Don’t use vague terms like #collab #thanks #sp. It has to say exactly what it is. Cater to the lowest common denominator. Generally acceptable versions: #ad #sponsored #sponsoredpost #paidcollaboration.


So you have a sponsored post that looks fab, meets all the Instagram algorithm checkboxes with lots of quality content in the form of a 3-paragraph swoonfest of your product, and the influencer adds the hashtag #ad as one of his or her 30 hashtags? Good deal, right? Wrong! Don’t bury that disclosure in the list of 30 hashtags. It needs to be up front, separated from the sea of hashtags. And something that people get wrong all the time is that the disclosure has to be before the ellipses that a user has to click on to see the rest of the content. That means when users are just scrolling through their feed, they can see within those first two lines that it’s sponsored content.

If you are working on a sponsored post for Instagram stories or Snapchat and there isn’t a place to add content, it should be included directly on the story.

Who is Responsible?

It is both the business’s and the influencer’s job to comply with the rules. Both can be fined for failure to comply. So how do you ensure the legal action by the other party? Get it in writing. Have an agreement written and ensure that there is a list of acceptable and prohibited actions and/or omissions in the posts.

But Nobody Else is Following the Rules!

Forgive me for sounding like a parent–I do parent two little ones on a daily basis after all–but if all your friends were jumping off a cliff would you follow? Here’s a few great reminders for you:

Ignorance of the law is not a defense. “But I didn’t know!” is not a defense to breaking the law and violating rules. It’s your job to stay abreast of these things.

Everyone is doing it.
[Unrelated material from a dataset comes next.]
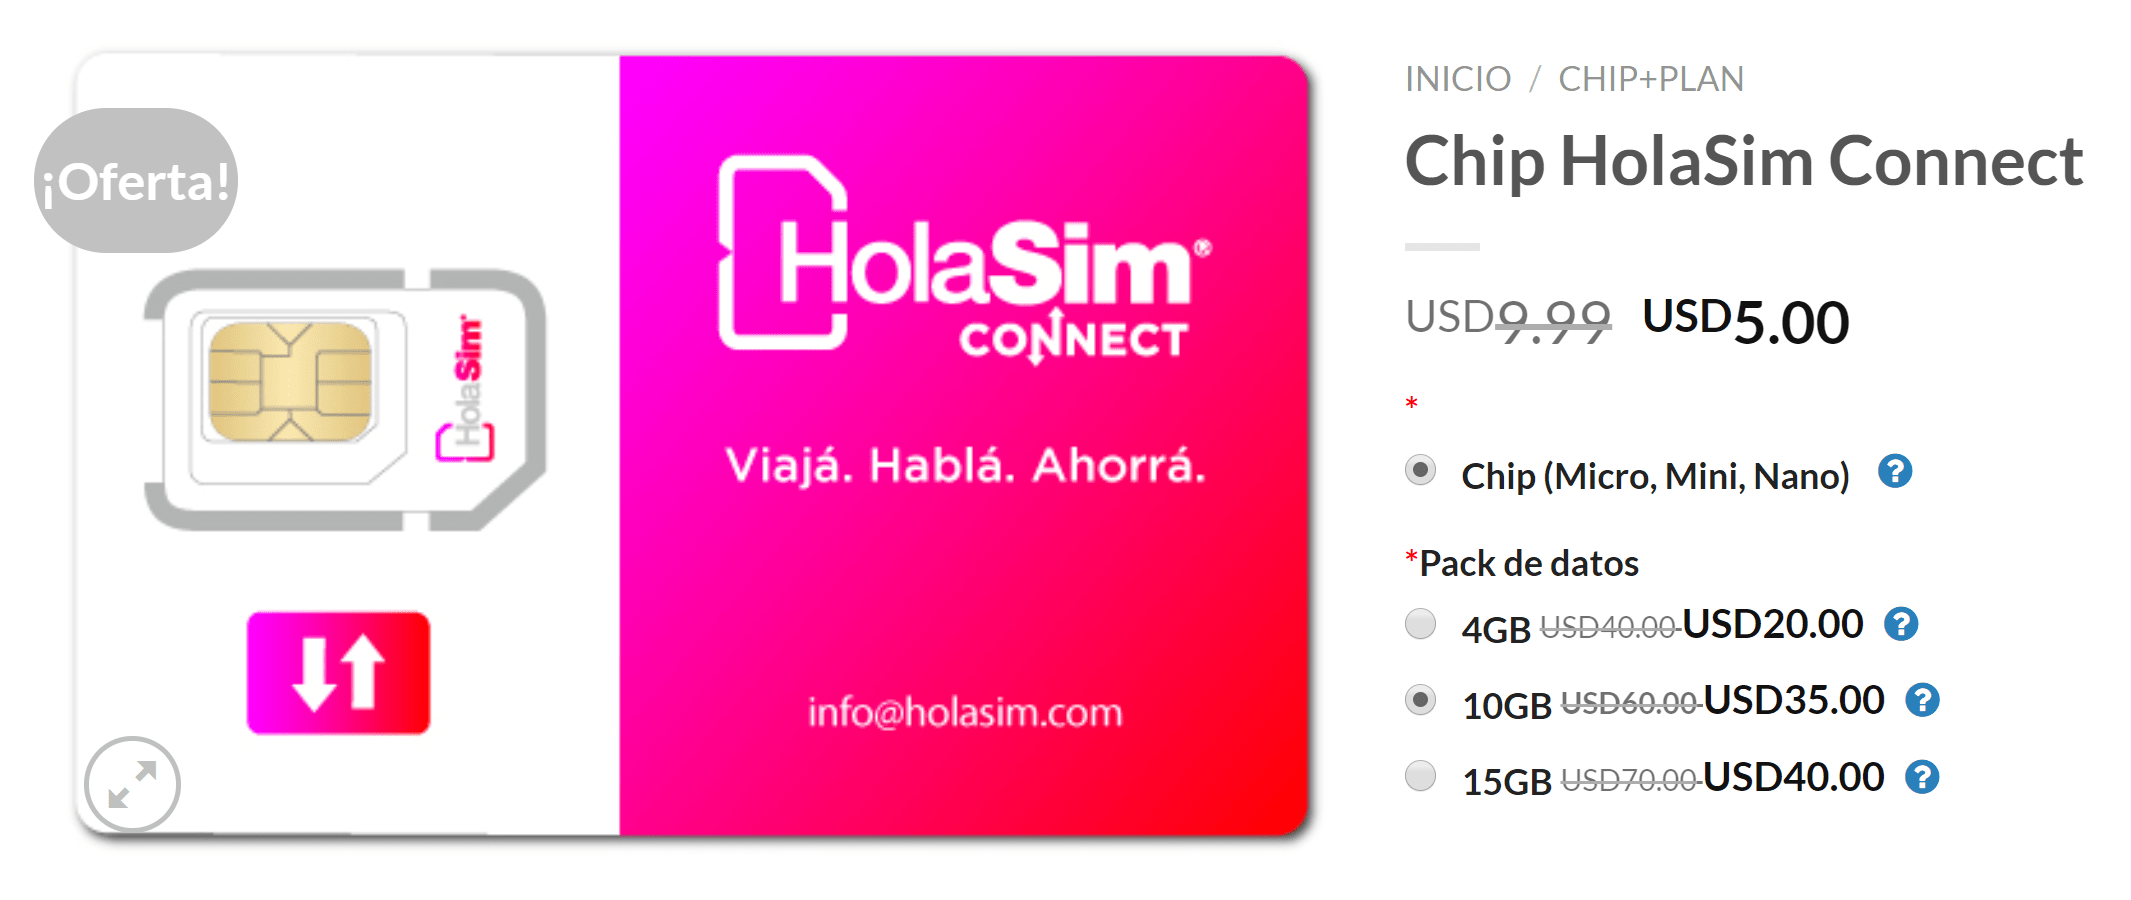 holasim nuevo precio chip

This might be true. I regularly see very, very popular influencers on social media getting it wrong–sometimes in small ways like putting #ad at the very end of a 5-paragraph review of their latest hotel stay–but that doesn’t mean you can’t get in trouble for it. Can you tell the officer that pulled you over for speeding that you shouldn’t get a ticket because there were dozens of other cars speeding on the road? Nope. You can only be responsible for your actions and those with whom you contract to promote your business.